For once, Gemma and I were not on the Capital Canaries train trip, but travelled under our own steam (pun unintended). Gemma’s best pal Sofia, and her dad, Philip, are exiled supporters and have made the long journey to Manchester for the last few years so we joined up with them to travel from Euston.
We arrived at Manchester Piccadilly around 12.45pm, went to a cafe for some lunch and then walked the 30 minutes or so along the Manchester canal paths to the Etihad in the increasingly heavy rain. By the time we arrived everything was soaked and all I wanted was a warming coffee as opposed to a pre-match beer.
Around the Etihad there was a mini village of shops, drinking outlets and even a stage for a band. There was also a memorial garden where ashes could be scattered if a recently departed loved one has this as a last wish. All this, according to Philip, was the work of Garry Cook, the previous Manchester City chief executive. Despite the unfortunate way he left his post, Philip informed us that he had overseen a great deal of good work around the ground. I was certainly impressed with it all.
At around 2.15pm we took our seats in the stand and, whilst I watched the warm-up, Gemma read the programme. After finding a mistake in the NCFC edition last week (a bargain at a sports shop was now £17, having been reduced to £10!) she scoured the pages for errors and triumphantly pointed out that City had a new goalkeeper for the day, James Ruddy.
And to the game – which was as tough for City as we had all anticipated. All I can say about the first half is that the away supporters had an excellent view of proceedings, as almost all the play was in right in front of us.

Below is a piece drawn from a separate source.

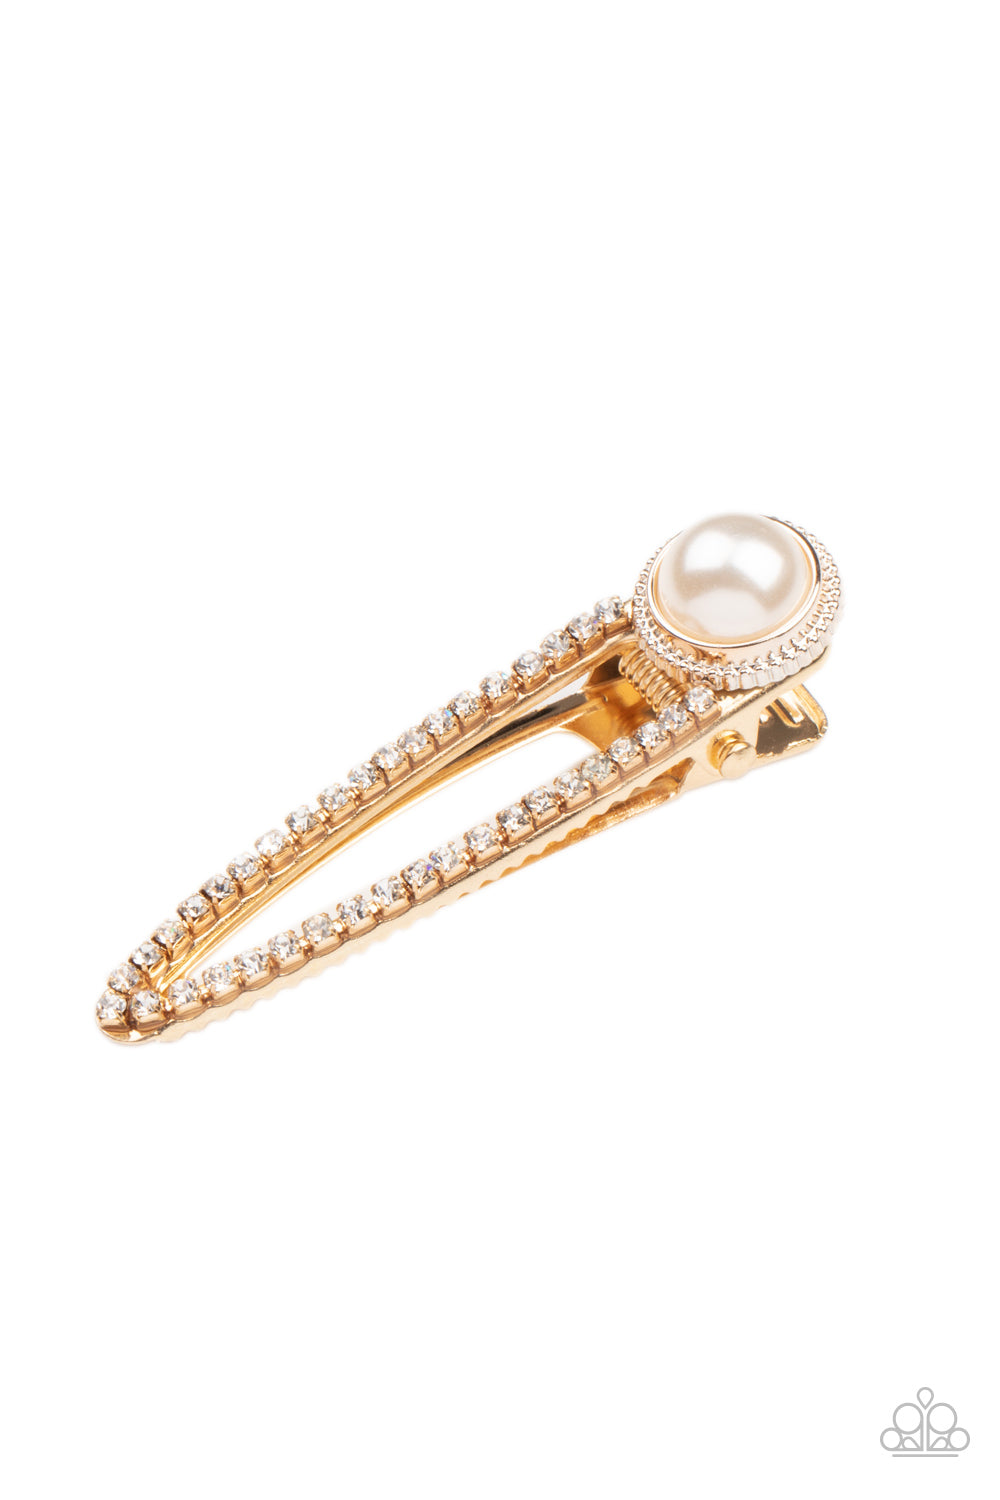 Paparazzi Accessories - Expert in Elegance #HB34 - Gold Hair Clip

Manchester City were an outstanding team, worked hard and passed it around well, had great movement off the ball – and so they should for £400m.
City battled hard, never stopped giving their all, but after half an hour the inevitable goal came, and Gemma and I were relieved we got into half-time only a goal down. I consoled myself with the thought that if Steve Morison had scored it could have all been so different, in a very half glass full sort of way.
At the start of the second half City had another early chance, didn’t take it and then chased the ball around for a few minutes.
Then disaster struck when an innocuous-looking free-kick from the inside left channel was not dealt with and it skipped past John Ruddy into the net. It was very similar to the goal that QPR nearly scored last week, just before half-time.
Soon it was 3-0, and the remaining 20 minutes was now looking like a very long time.
Then from a corner Morison gave us hope with a neatly-taken header and all I started to think was, “If we could nick another one the last few minutes could be very interesting”.
Unfortunately, my wildly optimistic hopes proved to be just that as City conceded a pair of late goals, which only served to emphasise the huge difference between the Premier League “haves” and “have-nots”.
We’ll have our revenge in the home game.